I looked at this patch a bit. It seems like this:

+ * BLANK_COLOR_SIZE - How much blank character is more frequent than
+ * other character in average
+ #define BLANK_COLOR_SIZE 32

is a drastic overestimate. Using the program Erik provided to generate
some sample data, I find that blanks in trigrams are maybe about three
times more common than other characters. Possibly Erik's data isn't
very representative of real text, but if that's the case we'd better
get a more representative sample case before we start optimizing ...

Now maybe the above number is okay for this purpose anyway, but if so
it needs some different justification; maybe call it a "penalty"?
But nonetheless it seems like a darn large penalty, particularly for " x"
type trigrams where the value would effectively be squared. Compared to
the proposed values of MAX_TRGM_SIZE and WISH_TRGM_SIZE, it seems like
you might as well forget the "sizing" approach and just flat out reject
trigrams containing COLOR_BLANK, because they'll never get through the
size filter. I'm inclined to think you need a larger MAX_TRGM_SIZE;
and WISH_TRGM_SIZE seems mighty small as well, compared to what the
code would have done before.

Also, surely this bit:

! trgmNFA->totalTrgmCount = (int) totalTrgmSize;

is flat out wrong? expandColorTrigrams() expects that
trgmNFA->totalTrgmCount is the truth, not some penalty-bloated
abstraction.
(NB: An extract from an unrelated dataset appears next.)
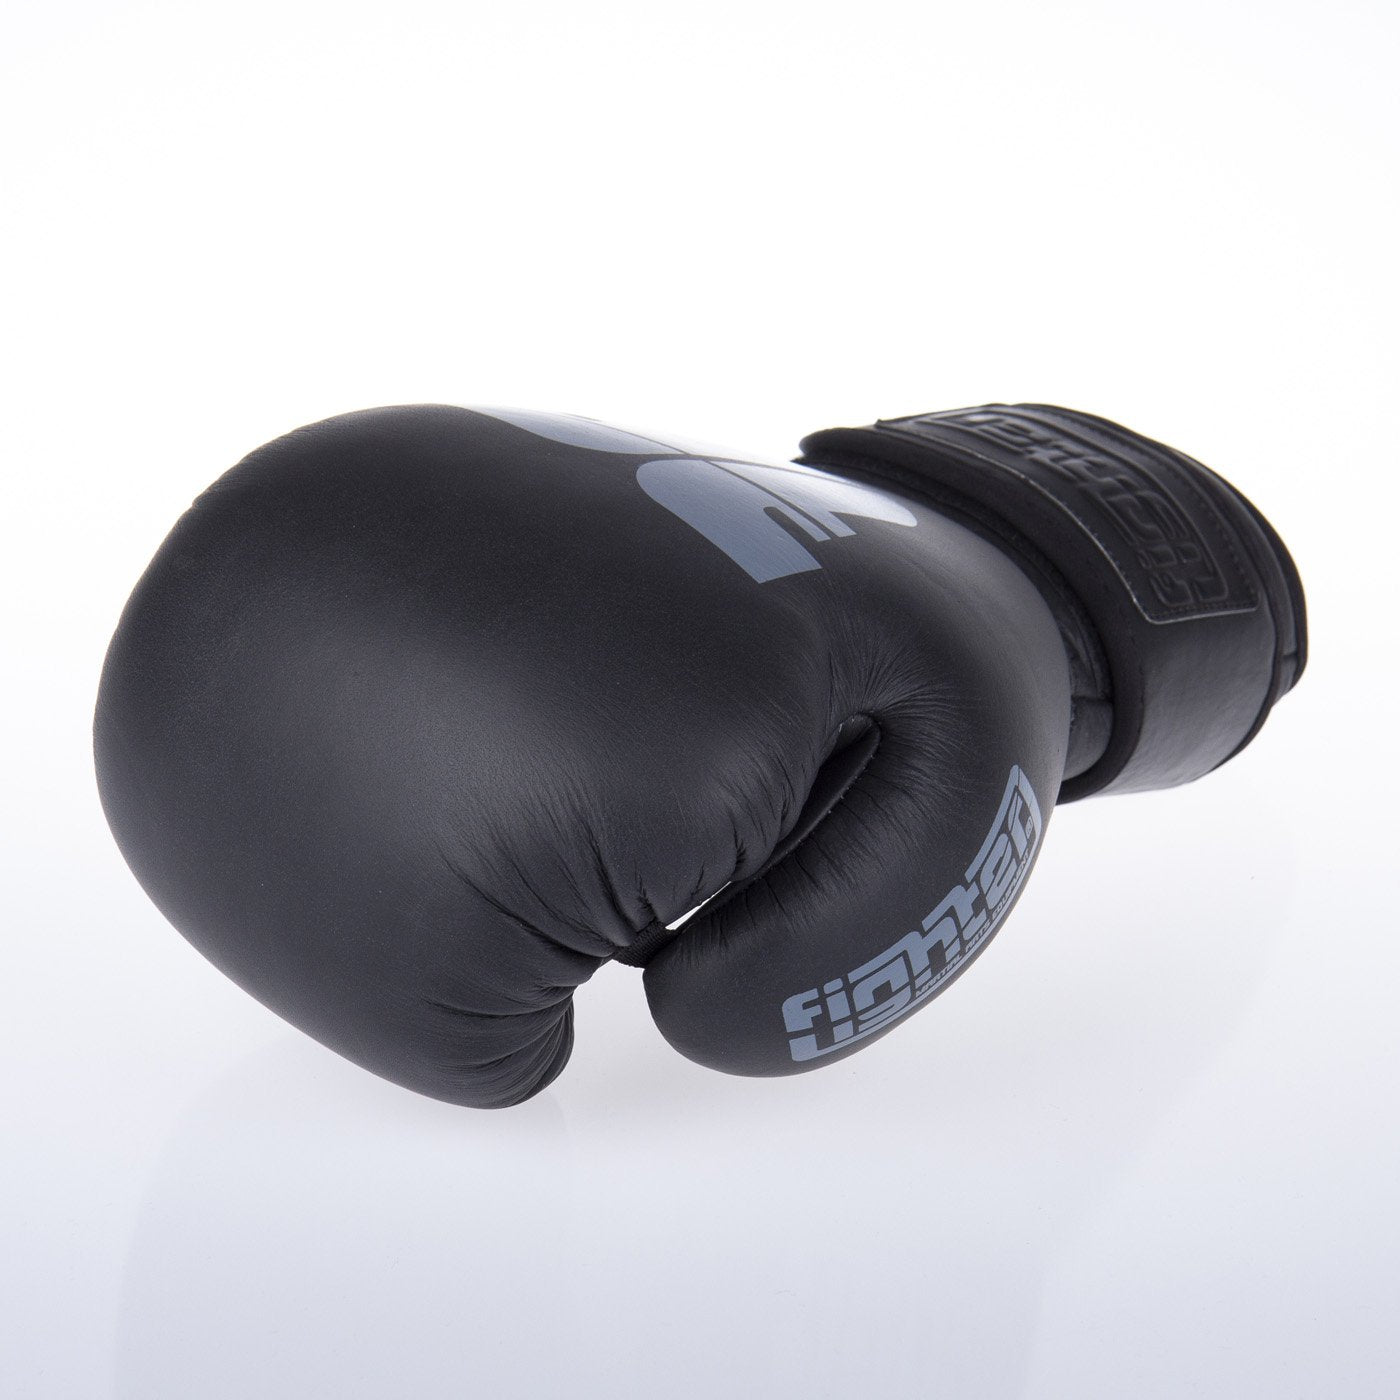 Fighter Boxing Gloves SIAM - black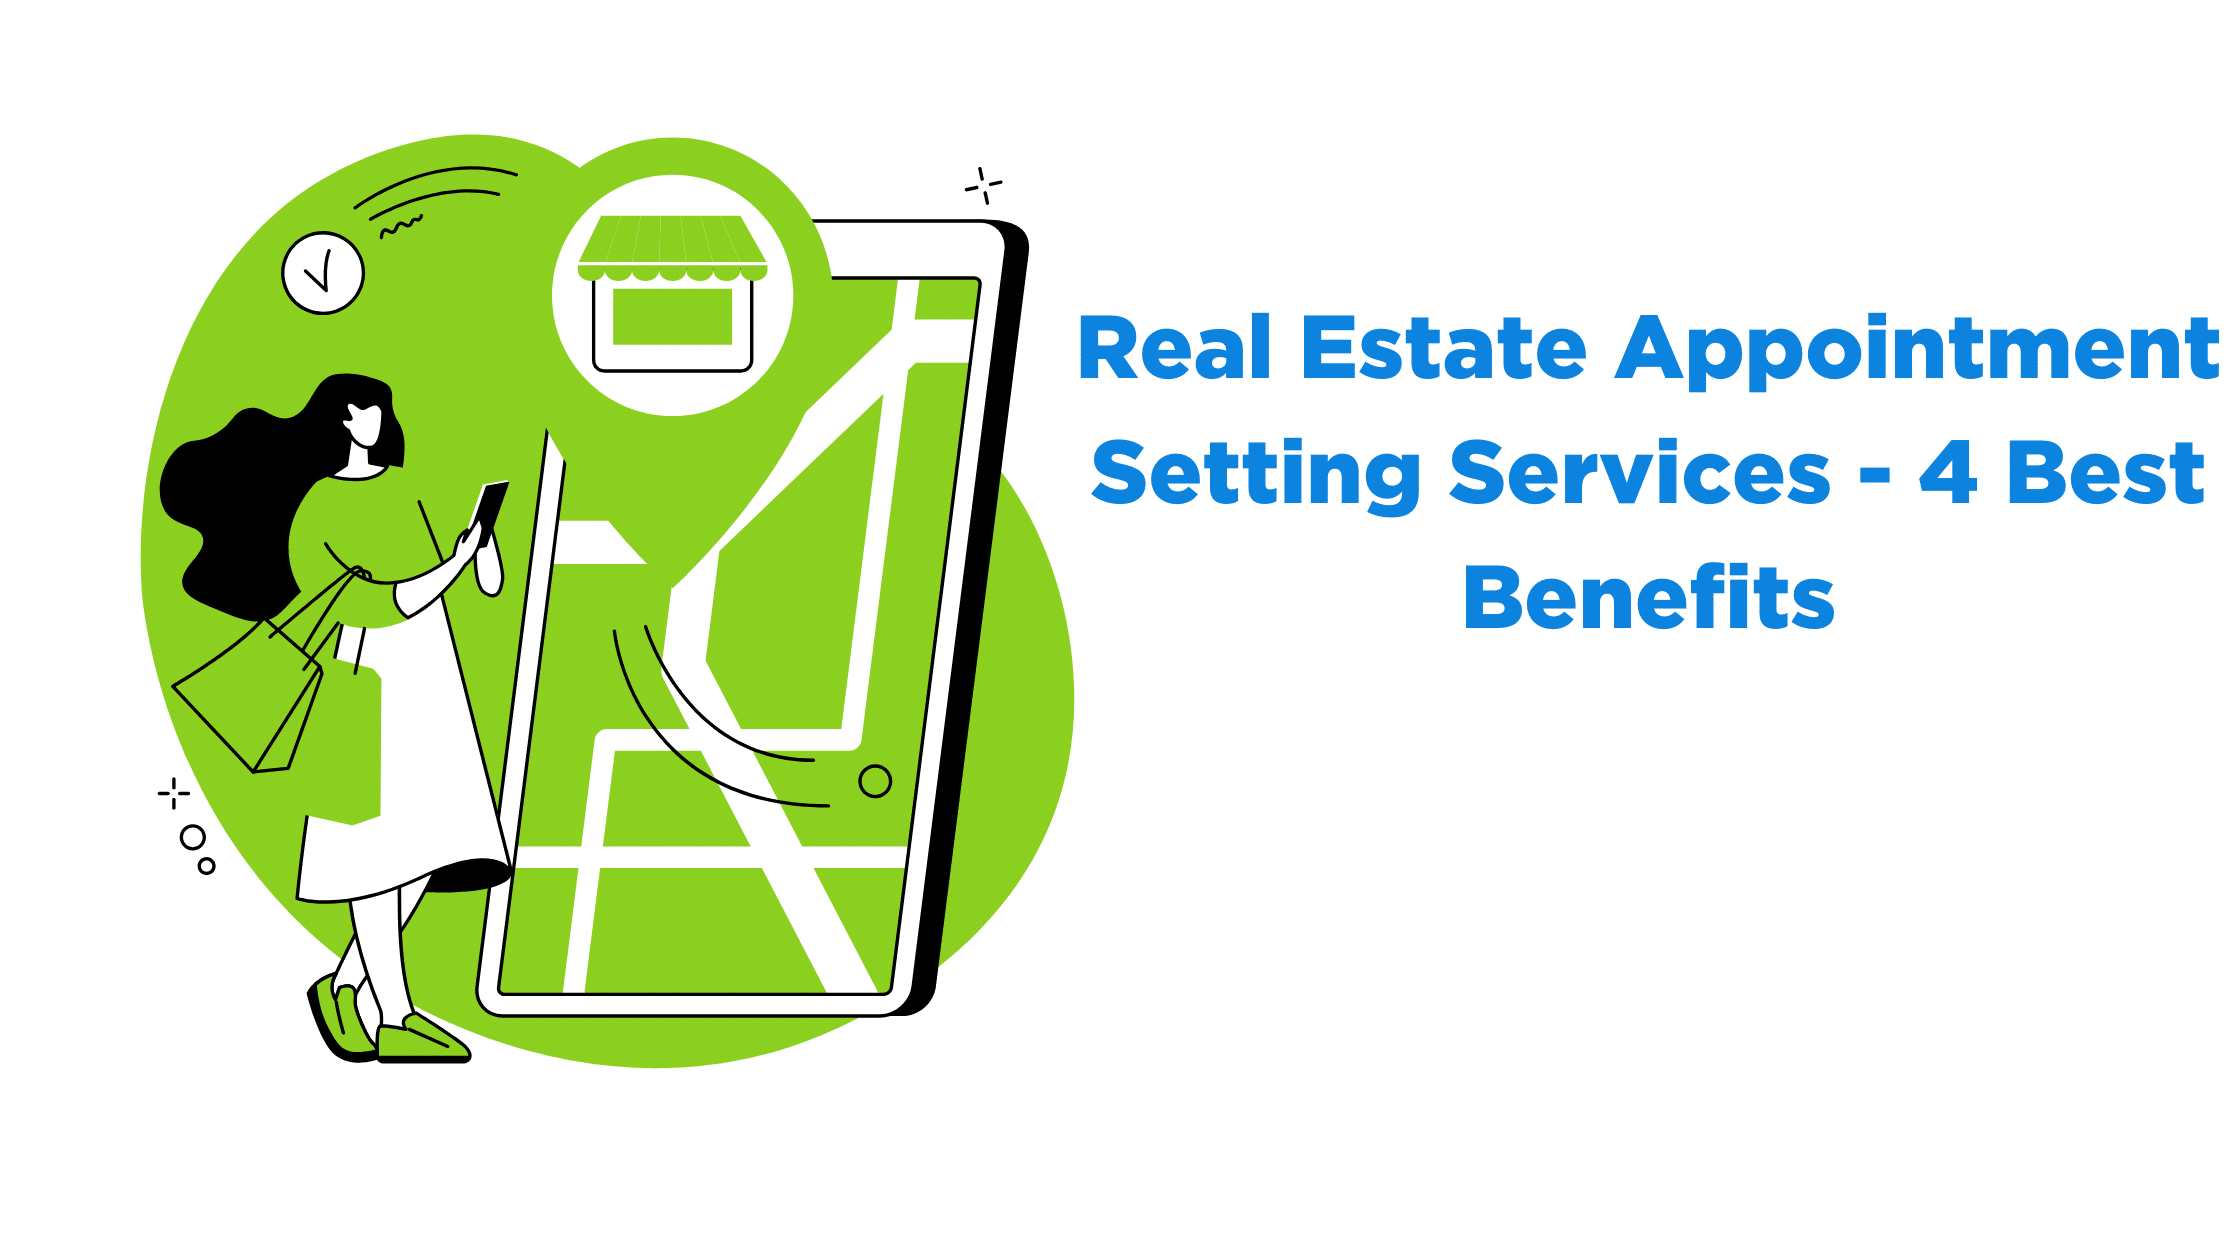 Real Estate Appointment Setting Services – 4 Best Benefits

The fact that the patch hasn't failed on you completely
demonstrates that you've not tested any cases where blank-containing
trigrams got through the filter, reinforcing my feeling that it's
probably too strict now.

I wonder if it would be more appropriate to continue to measure the limit
MAX_TRGM_COUNT in terms of actual trigram counts, and just use the
penalized "size" as the sort key while determining which color trigrams
to discard first.

Another thought is that it's not clear that you should apply the same
penalty to blanks in all three positions. Because of the padding
settings, any one word will normally lead to padded strings " a",
" ab", "yz ", so that spaces in the first position are about twice
as common as spaces in the other positions. (It's a little less
than that because single-letter words produce only " a" and " a ";
but I'd think that such words aren't very common in text that trigrams
are effective for.) So I'm thinking the penalty ought to take that
into account.

I'm also inclined to think that it might be worth adding a size
field to ColorTrgmInfo rather than repeatedly calculating the
size estimate. We only allow a thousand and some ColorTrgmInfos
at most, so the extra space wouldn't be that large, and I'm concerned
by the expense the current patch adds to the sort comparator.

Another point is that this comment:

* Note: per-color-trigram counts cannot overflow an int so long as
* COLOR_COUNT_LIMIT is not more than the cube root of INT_MAX, ie about
* 1290. However, the grand total totalTrgmCount might conceivably
* overflow an int, so we use int64 for that within this routine.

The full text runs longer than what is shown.